=== Work to be completed ===
Give back every line of the data exactly. Pictures are not part of the copy.

=== Information shown ===

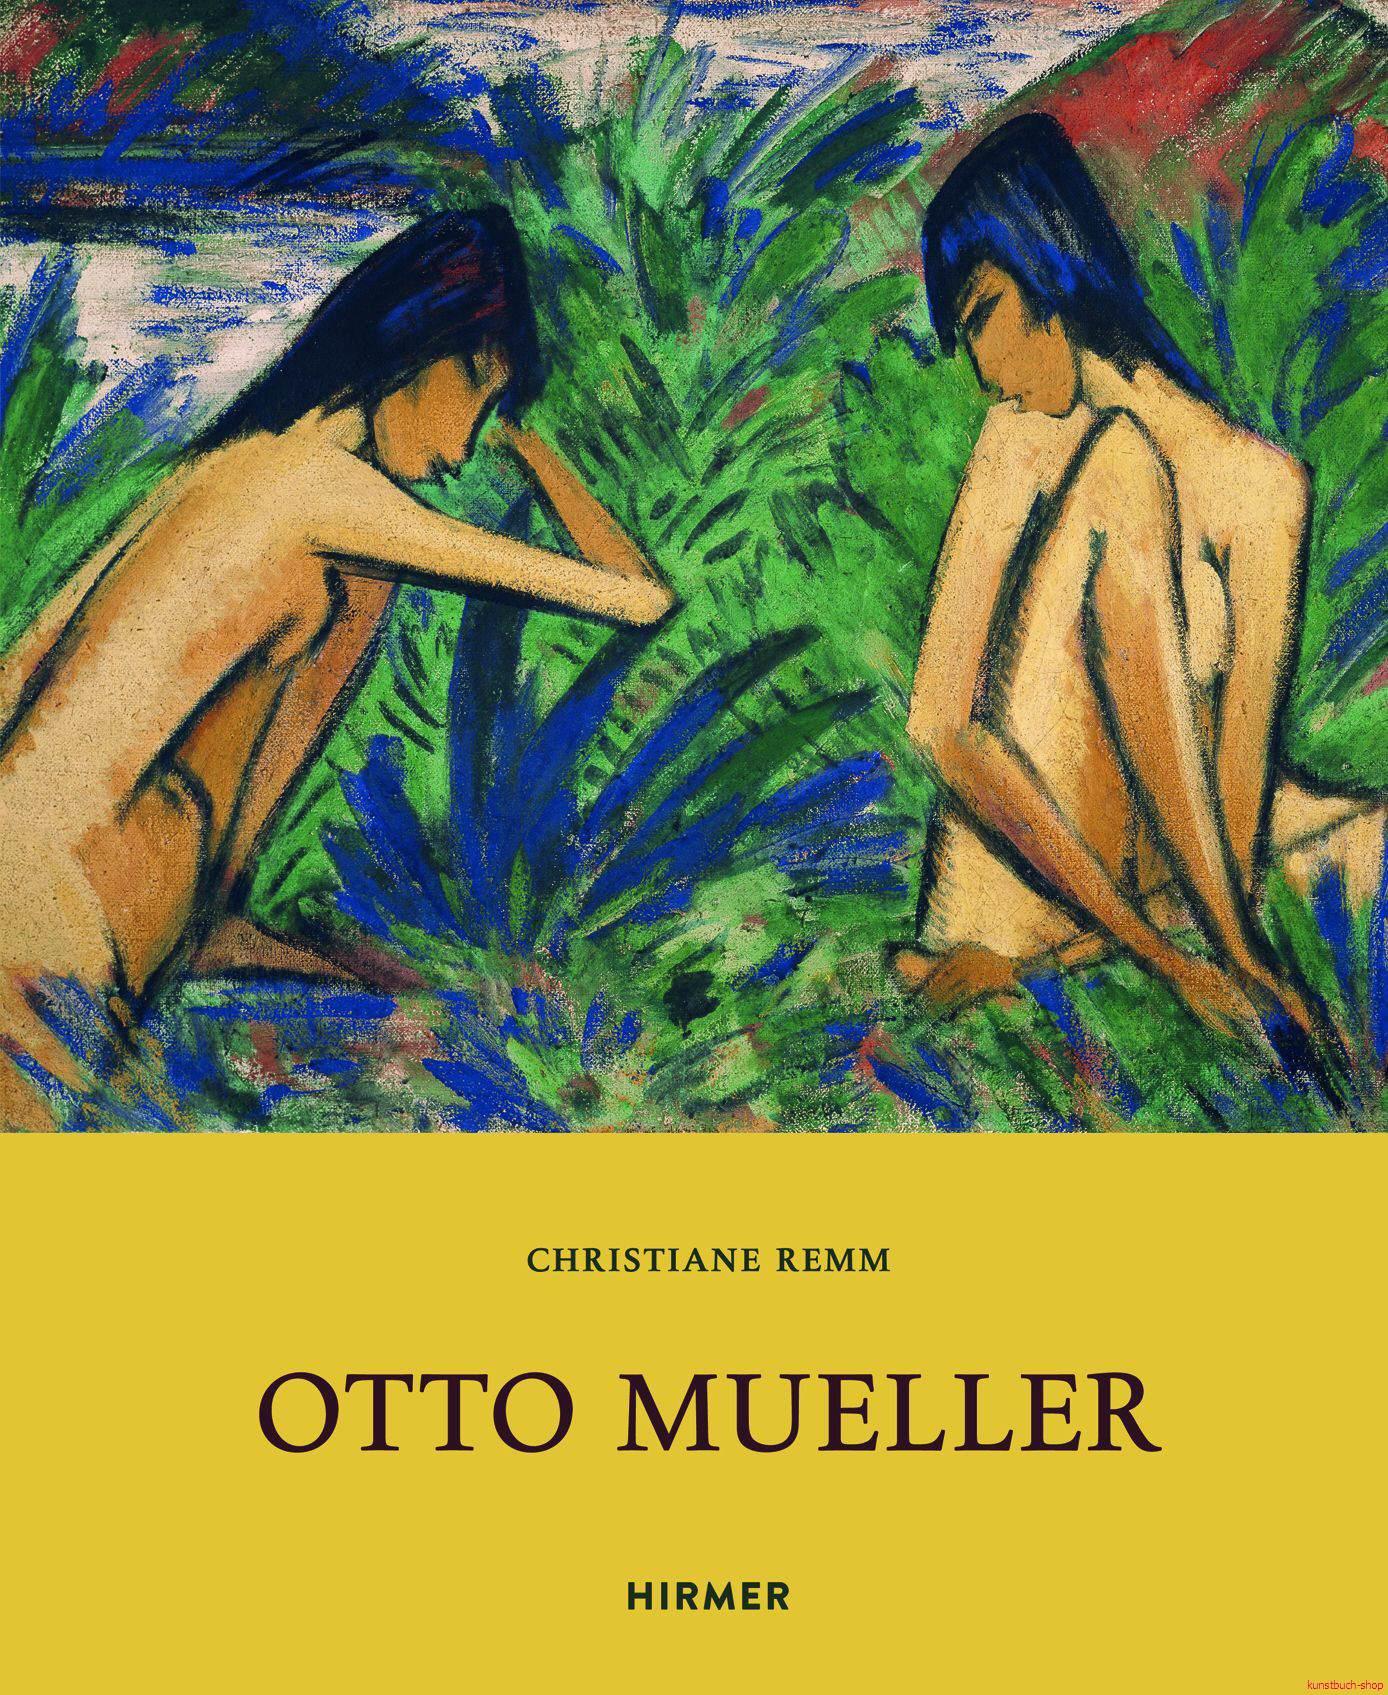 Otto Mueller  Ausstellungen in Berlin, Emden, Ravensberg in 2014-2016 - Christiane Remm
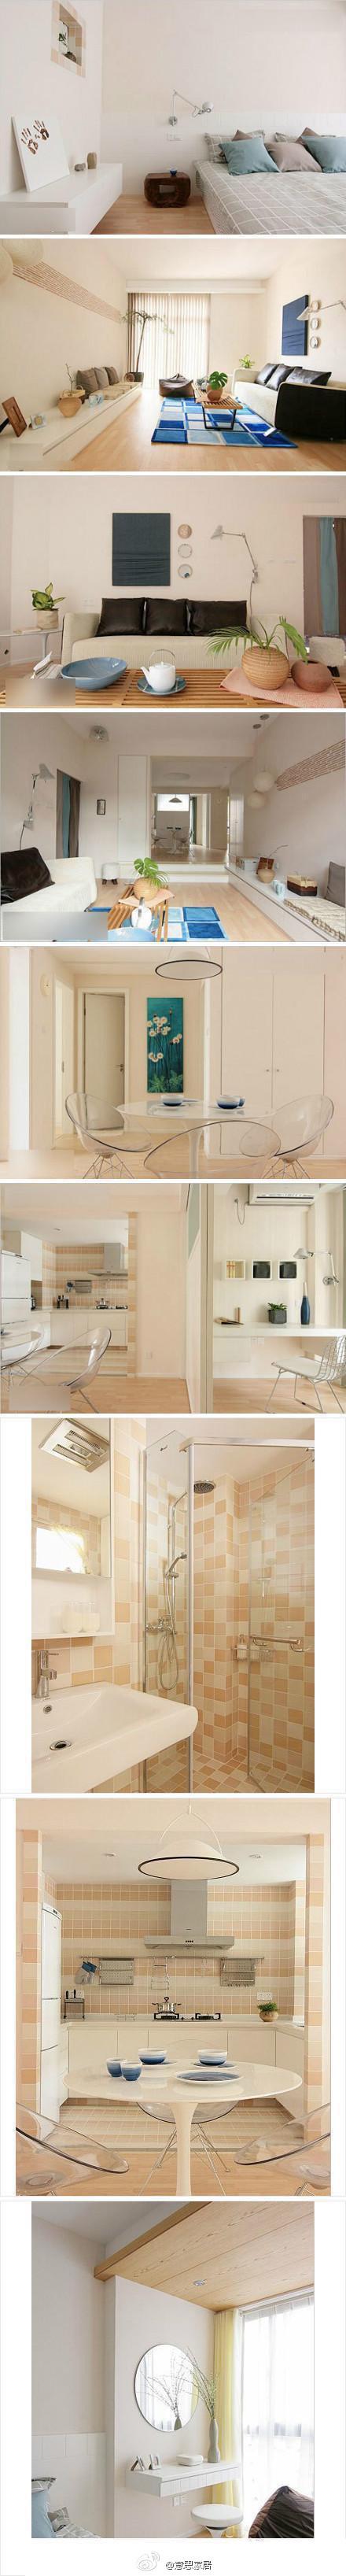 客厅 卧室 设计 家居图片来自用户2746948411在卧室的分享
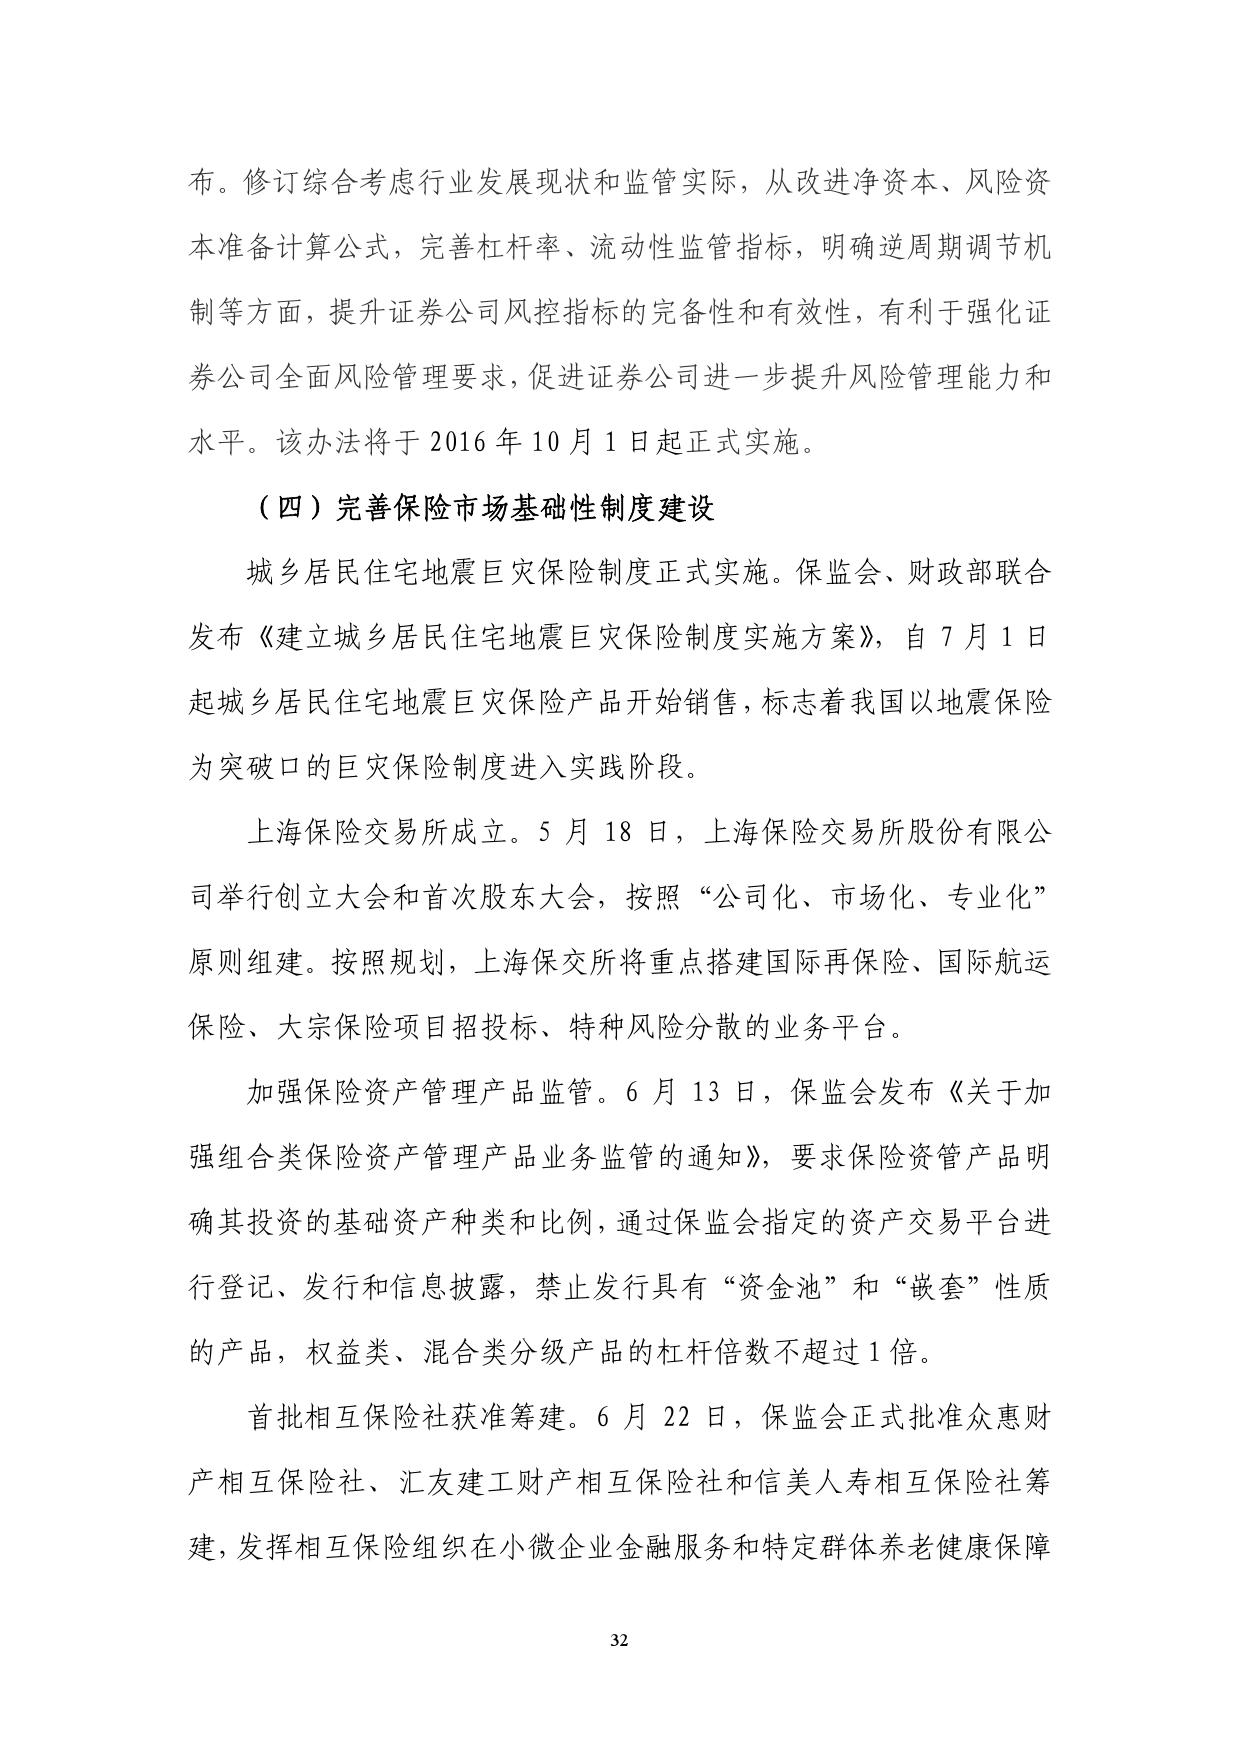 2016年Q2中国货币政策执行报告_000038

=== Solution for this problem ===
 Otto Mueller  Ausstellungen in Berlin, Emden, Ravensberg in 2014-2016 - Christiane Remm
 客厅 卧室 设计 家居图片来自用户2746948411在卧室的分享
 2016年Q2中国货币政策执行报告_000038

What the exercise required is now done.